Homeowners anxious to receive adequate compensation for damages from state
By JEFF GEARINO - Southwest Wyoming bureau | Posted: Tuesday, May 11, 2010 1:00 am
ROCK SPRINGS -- "Tree Street" residents are brimming with hope now that engineering teams have completed reinspections of the damage to their homes caused by a controversial 2007 subsidence project.
More than a dozen residents in the downtown Rock Springs neighborhood have been battling the state over the new inspections after rejecting Wyoming Attorney General Bruce Salzburg's first settlement offer in 2008 to repair damages.
Homeowners contend the state's first offers were way too low to adequately pay for much-needed repairs.
The reinspections wrapped up Friday and will serve as the basis for new settlement offers from the attorney general. Tree Street homeowners hope the next offers will more fairly compensate them for damage repairs.
"It took two years to get them here ... and I think we all breathed a sigh of relief" when the inspections were completed, Tree Street spokeswoman Becky Kelley said.
"I honestly think there will be some good reports coming back," she said.
Kelley said the engineers looked 14 homes, a church and an apartment complex during the week-long inspections that began May 3.
"These engineers seemed to have it together ... they're known for this kind of work," Kelley said. "So now we sit back and wait to see what happens next."
State officials contracted with J.A. Cesare and Associates of Centennial, Colo., last month to perform a second round of engineering inspections.
The Wyoming Legislature approved a budget amendment this past session that directed $120,000 for the hiring of a qualified structural engineer to perform the new damage assessments.
Fair compensation
The Tree Street homes were damaged during the mine subsidence project that was conducted by the Wyoming Department of Environmental Quality's Abandoned Mine Lands Division beginning in late July 2007.
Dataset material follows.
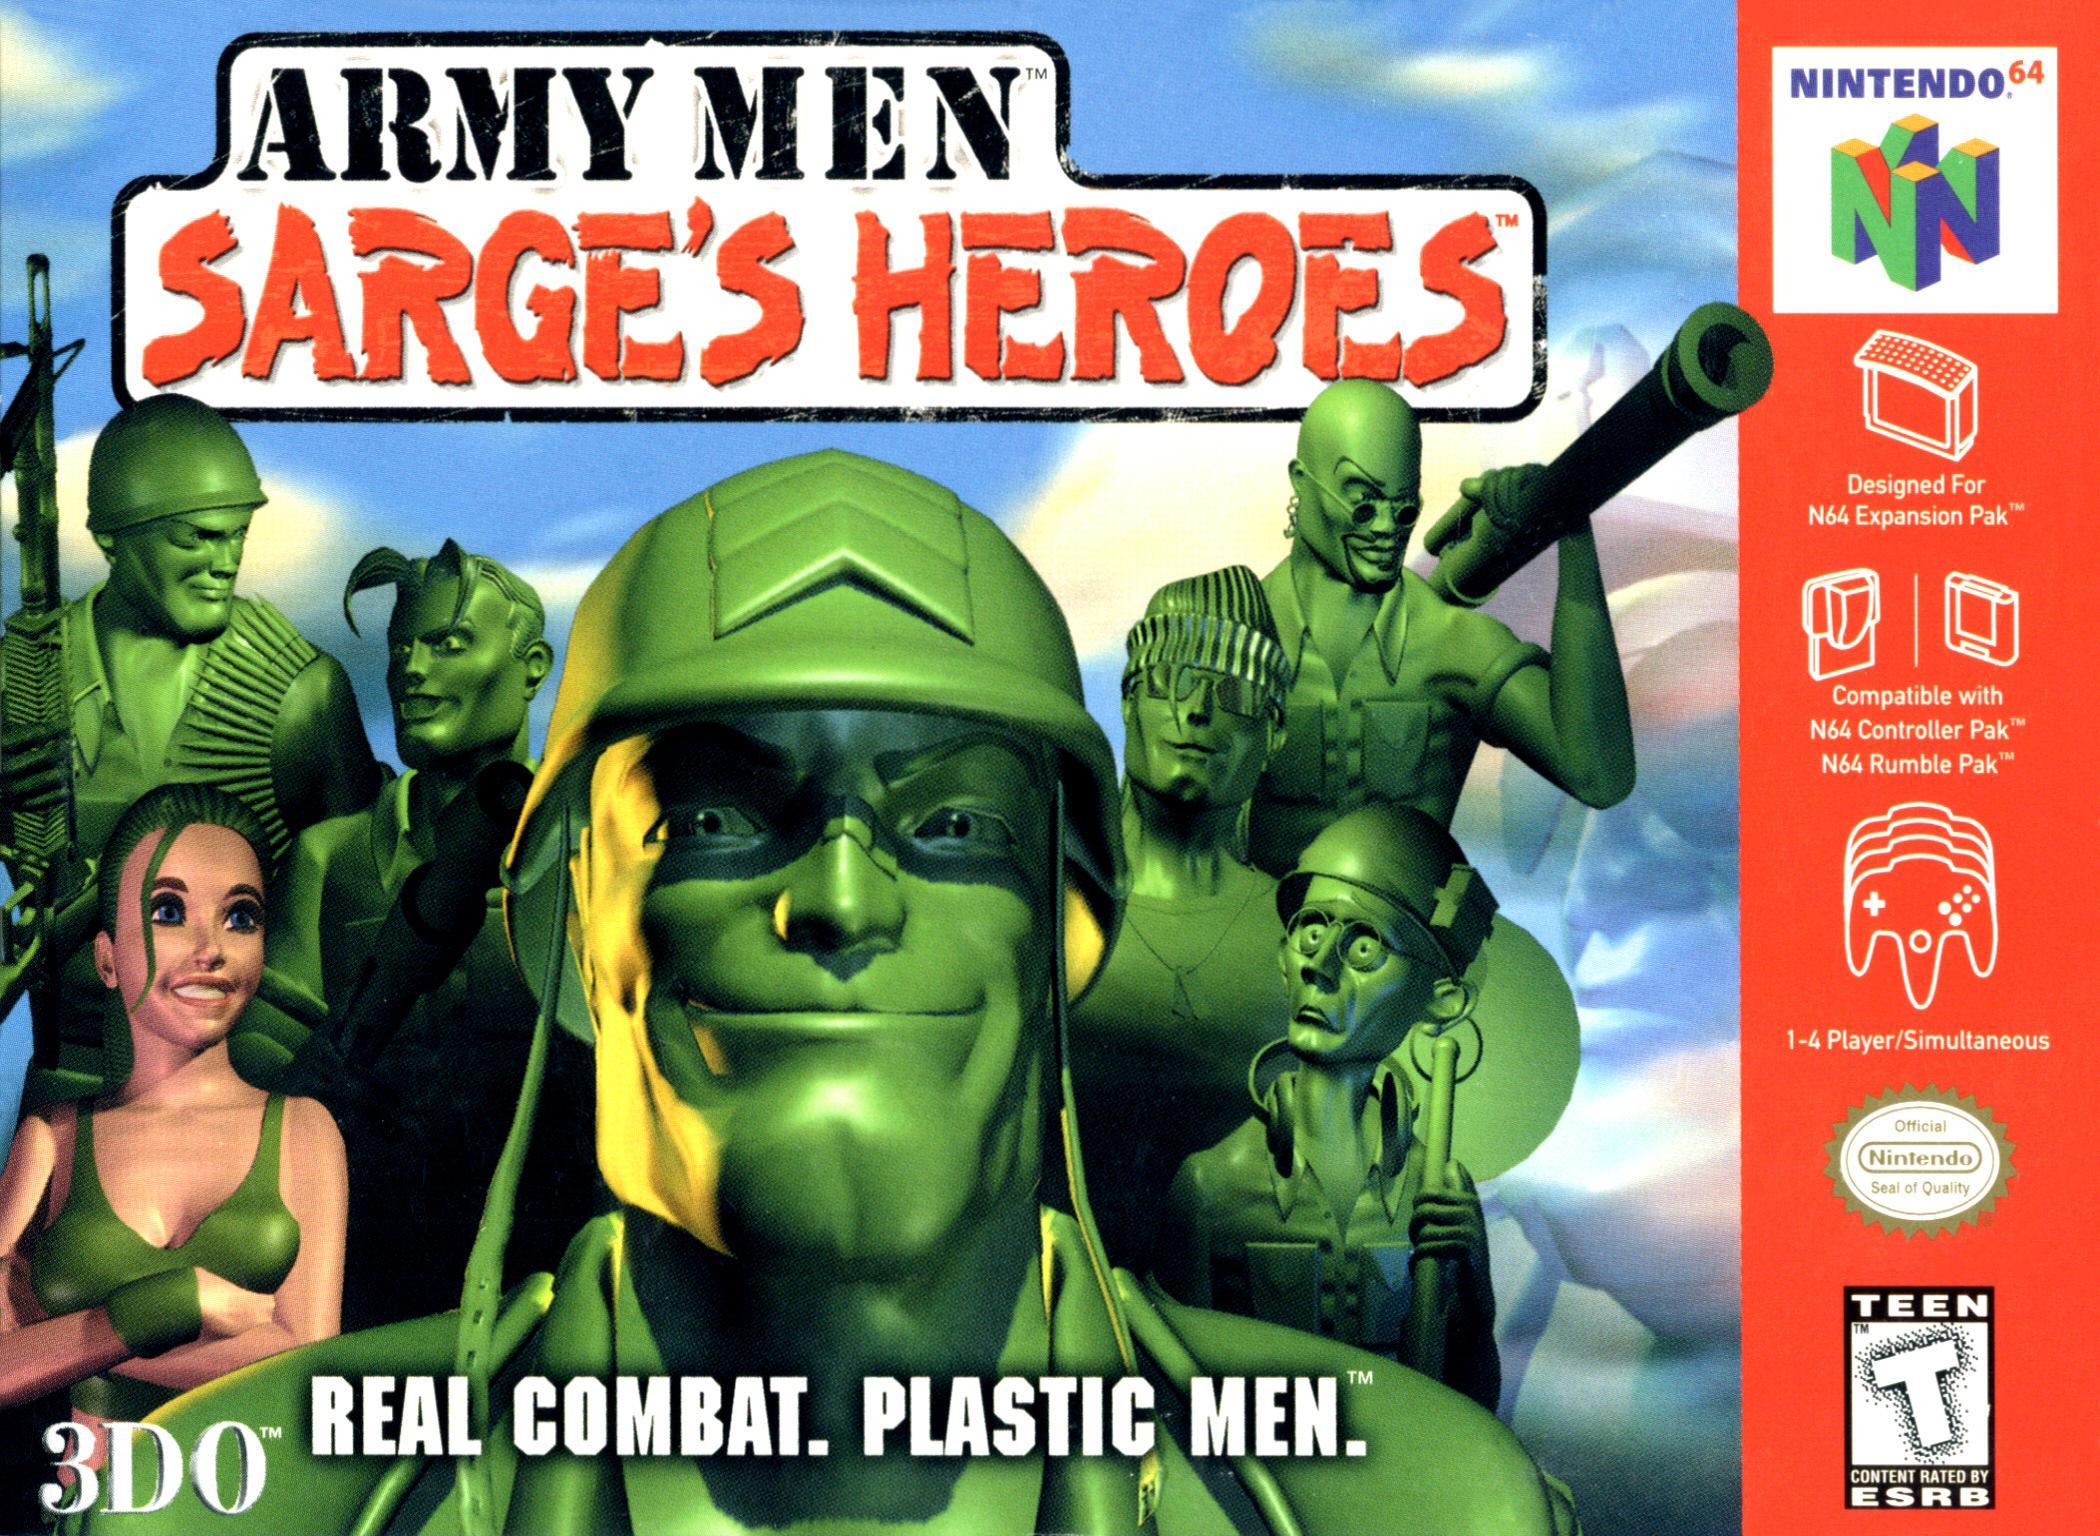 30 Day Video Game Challenge N64_NA_ArmyMenSargesHeroes

The project aimed to free vacant lands for new housing on a nearby tract of land that had been previously precluded for development because of past mine subsidence issues.
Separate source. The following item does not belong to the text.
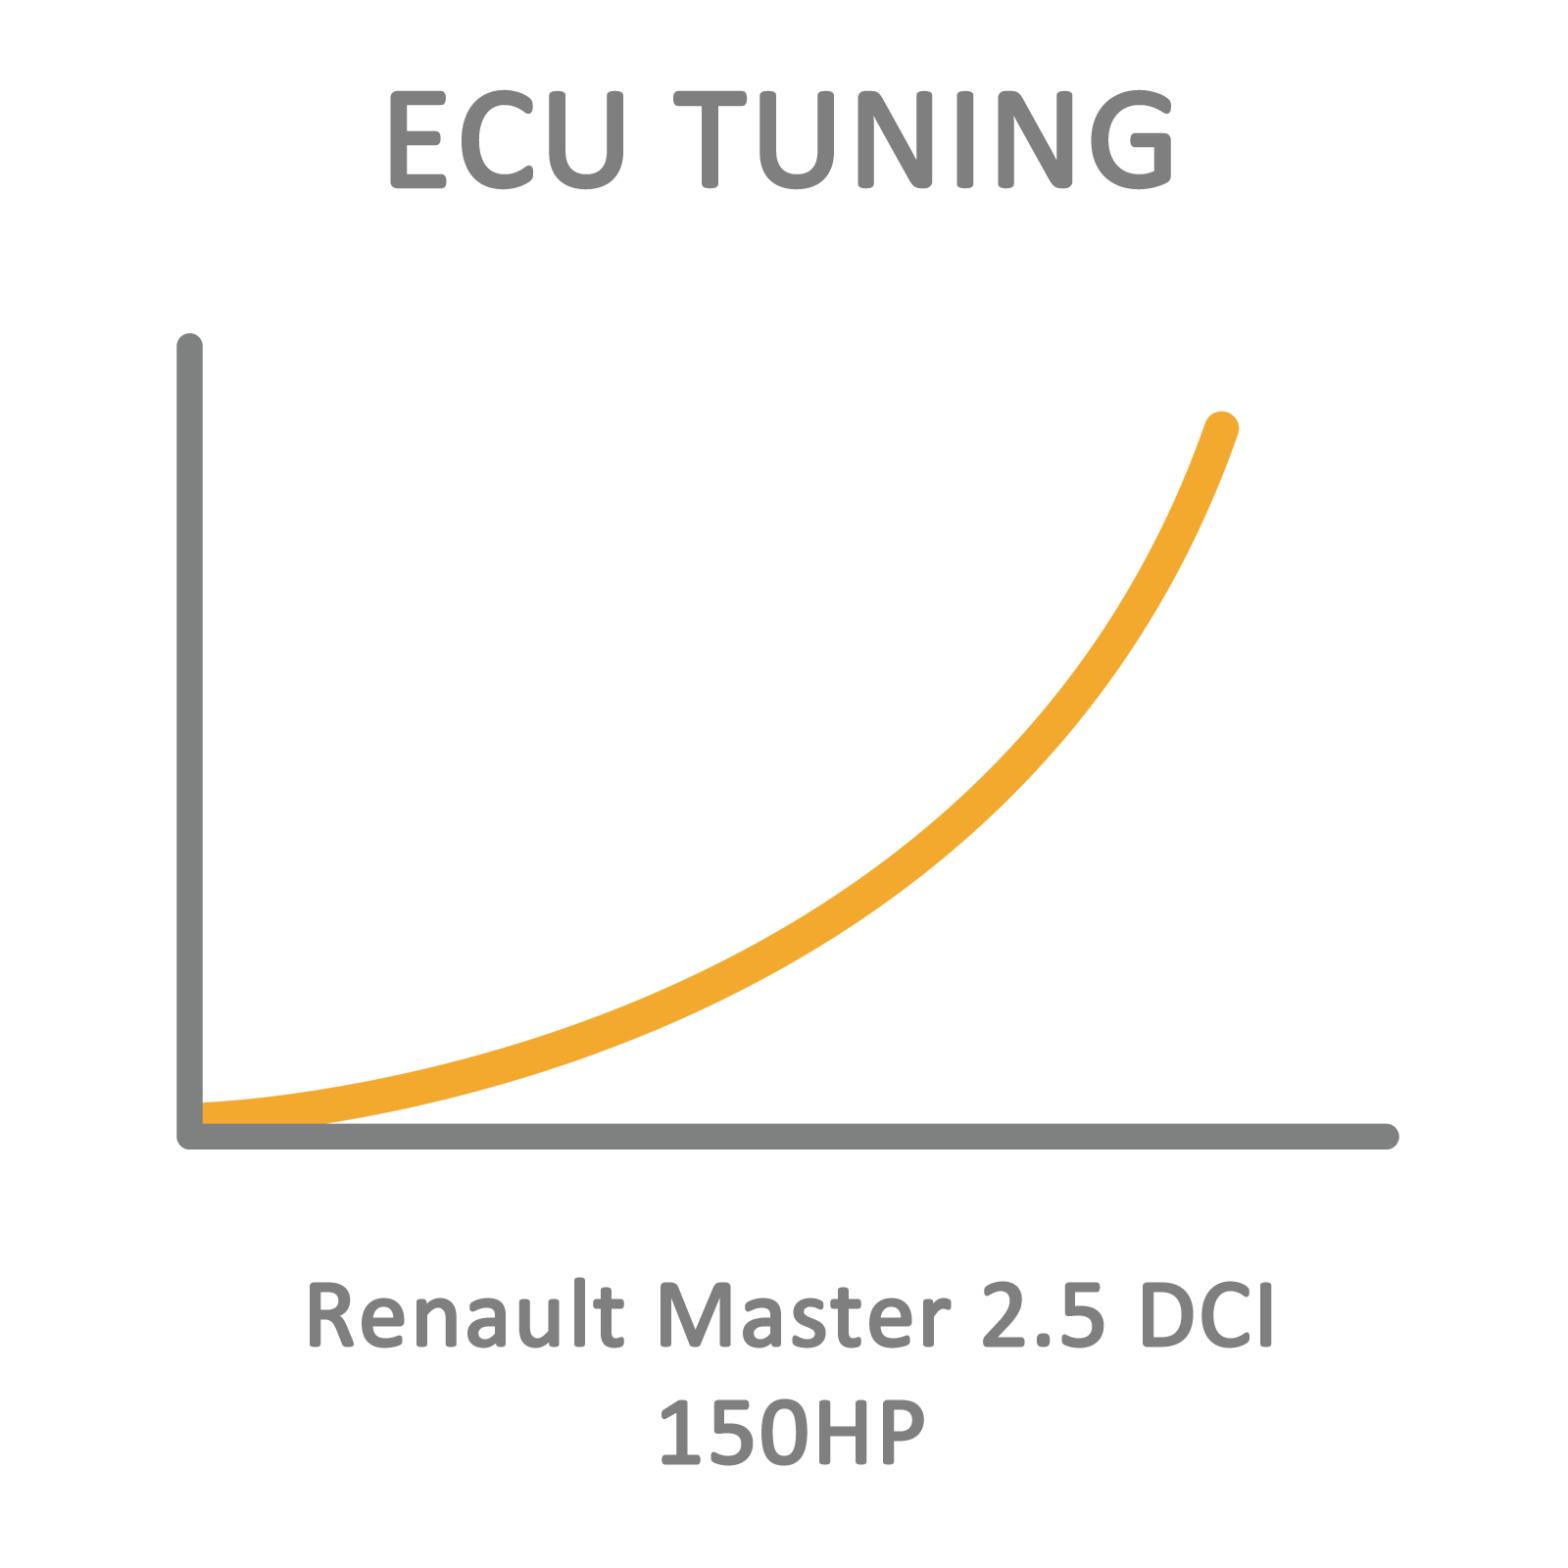 Renault Master 2.5 DCI 150HP ECU Tuning Remapping Programming

At the city's request, the state devised a reclamation plan that included the use of a pilot subsidence technique known as dynamic compaction.
For three weeks, state contractors dropped 25- and 35-ton weights several thousand times on the tract to collapse the old underground mine voids.
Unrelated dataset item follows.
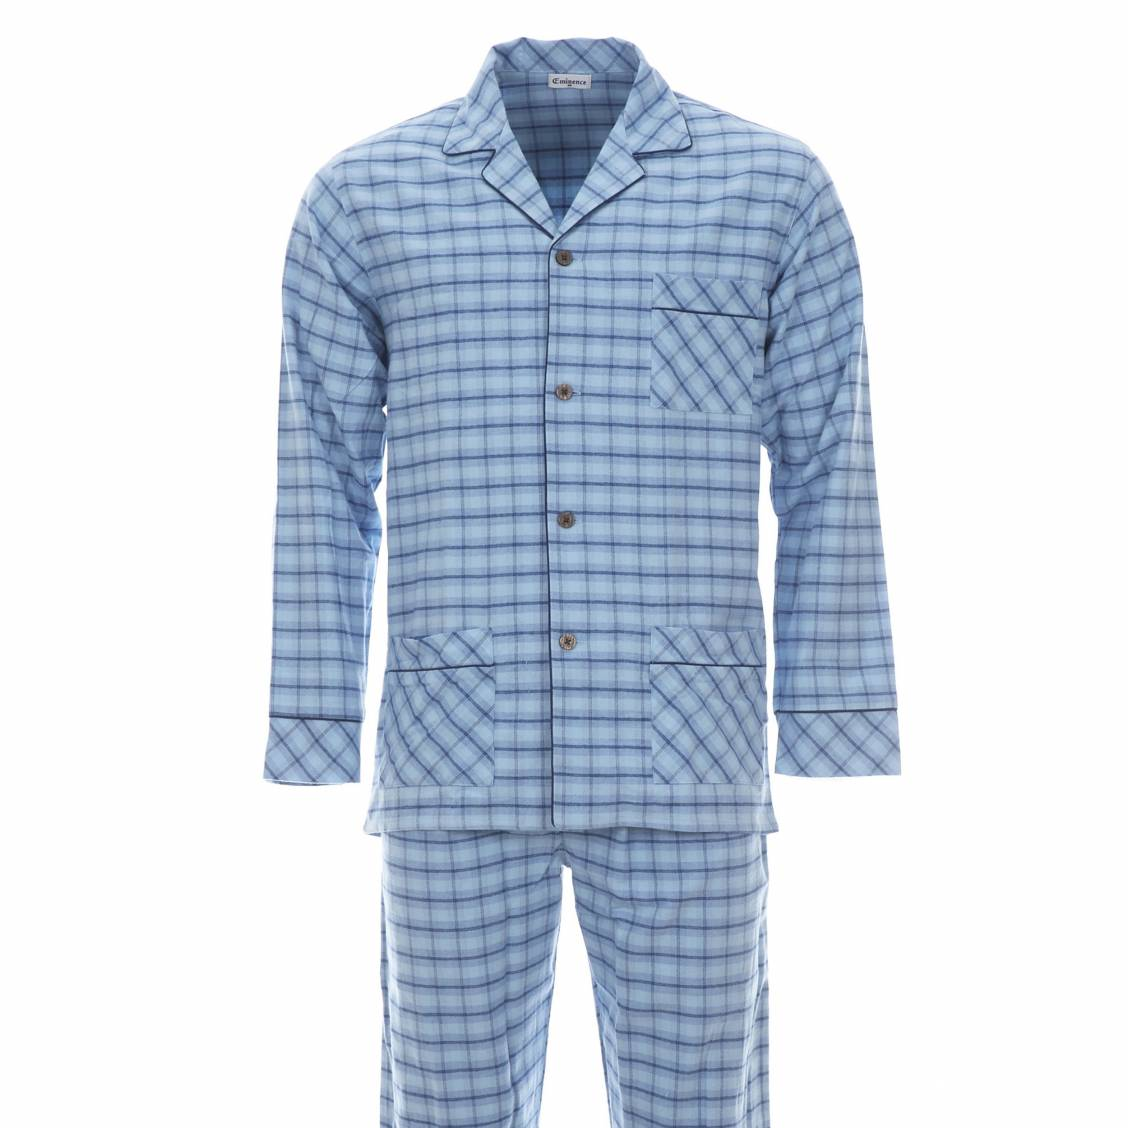 Pyjama chaud eminence veste boutonn e et pantalon 100 for Pyjama homme chaud

But soon after, Tree Street residents began complaining about major damage to homes, foundations, fences, decks, driveways, windows, doors, floors and other areas.
The state and DEQ officials have maintained the offers should fairly compensate homeowners for damage from the dynamic compaction portion of the project.
State officials said a lack of baseline information about homes and buildings surrounding the project site made it difficult for the first engineering inspections conducted in 2008 to discern what was damage from the dynamic compaction and what was damage that was to be expected from normal subsidence in the neighborhood.
Kelley said homeowners have not discounted further legal action if the new settlement offers fail to adequately pay for the repairs of damaged homes.
Attorneys for the Tree Street residents filed lawsuits in Sweetwater County District Court in July against two of the state's consulting engineers who had done work for the AML related to the dynamic compaction project.
"If the attorney general chooses not to increase the settlement offers, then we'll have the [new inspection] reports to take to court," she said.